I've been following this keras video classification tutorial where in the data preparation section, they load the frames of a video in the load_video
function pretty generically, but what caught my eye was this line:
frame = frame[:, :, [2, 1, 0]]
This is the first time I encounter this, most of the times you will just append the frame "as-is" to your list of frames, but here they change the order of the channels (if I'm not mistaken) from RGB to BGR, I couldn't find anything related to it in the web or their docs, can someone give me some insight for this decision?

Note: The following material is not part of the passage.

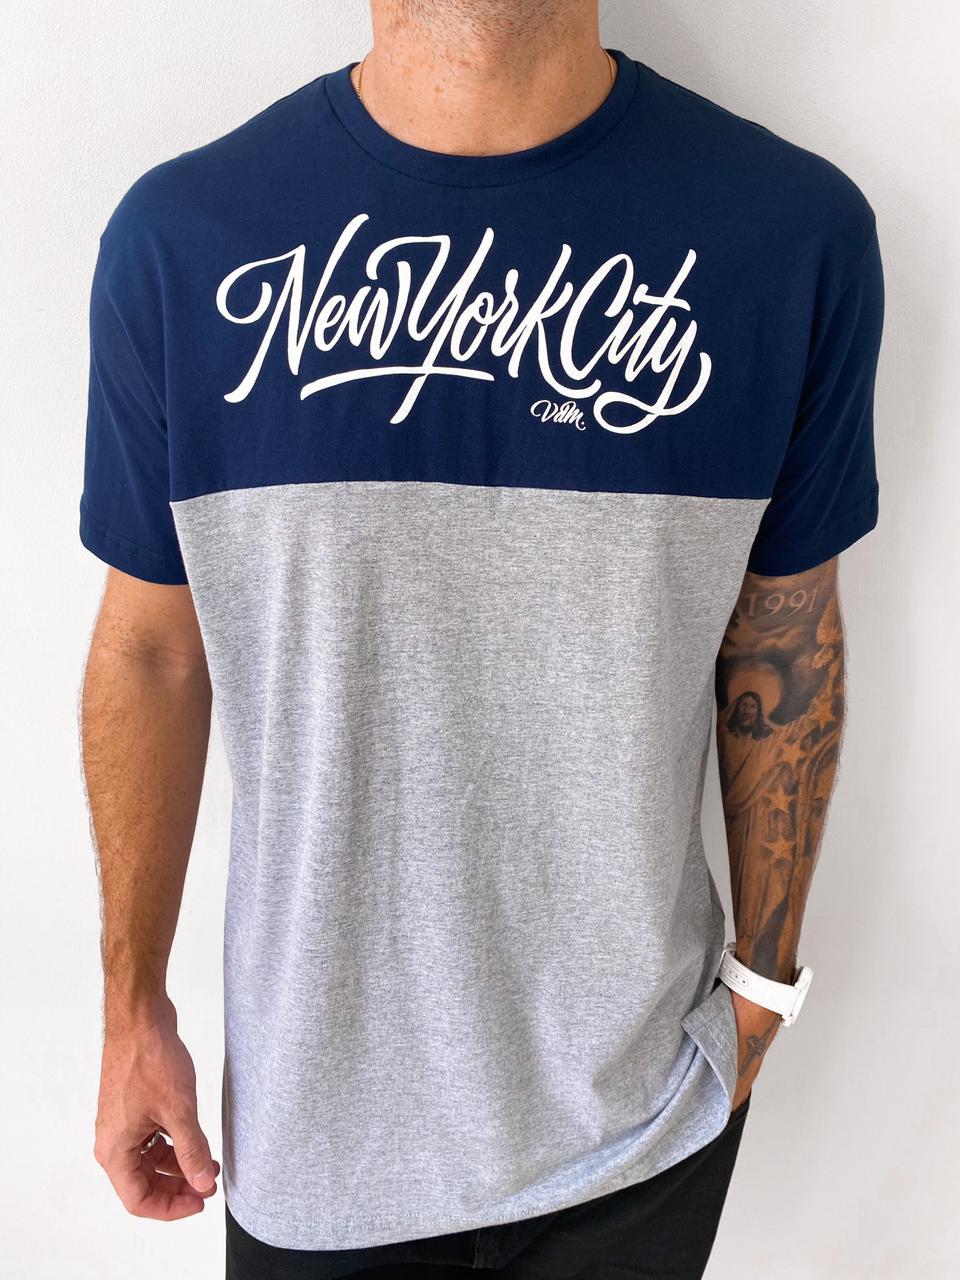 Long New York City

CodePudding user response:
From experience, the reason why the order can change is dependent on the framework you are using to load in images. OpenCV in particular orders the channels in BGR format because of some optimizations internal that leverage the formatting this way. Images in the regular RGB format can be seen with scikit-image, matplotlib and Pillow.
In fact, if you look at the load_video
function, it uses OpenCV to open up a video so the frames coming in are BGR format. Therefore, the swapping of channels is mandatory to get it to RGB format:
def load_video(path, max_frames=0):
cap = cv2.VideoCapture(path)
frames = []
try:
while True:
ret, frame = cap.read()
if not ret:
break
frame = crop_center(frame)
frame = frame[:, :, [2, 1, 0]]
frames.append(frame)
if len(frames) == max_frames:
break
finally:
cap.release()
return np.array(frames)
You of course do not need to reverse the channels as a neural network will learn based on the input data that it was provided, but people tend to do this so that it's easy to debug images and not have to worry about continuously reversing the channels for display. Specifically, if a neural network was trained in BGR ordering, if you loaded in images in RGB format then the reversal of the channels needs to be done as that was how the image channels were represented in training. All in all, it depends on the framework but you need to keep this in mind when using a neural network after it has been trained. If the data was trained in BGR format, if your images are read in RGB format you'll need to reverse the channels prior to inference.
In fact, this is a common bug when using networks! Be extremely diligent and understand how the image data was preprocessed for the network before using it.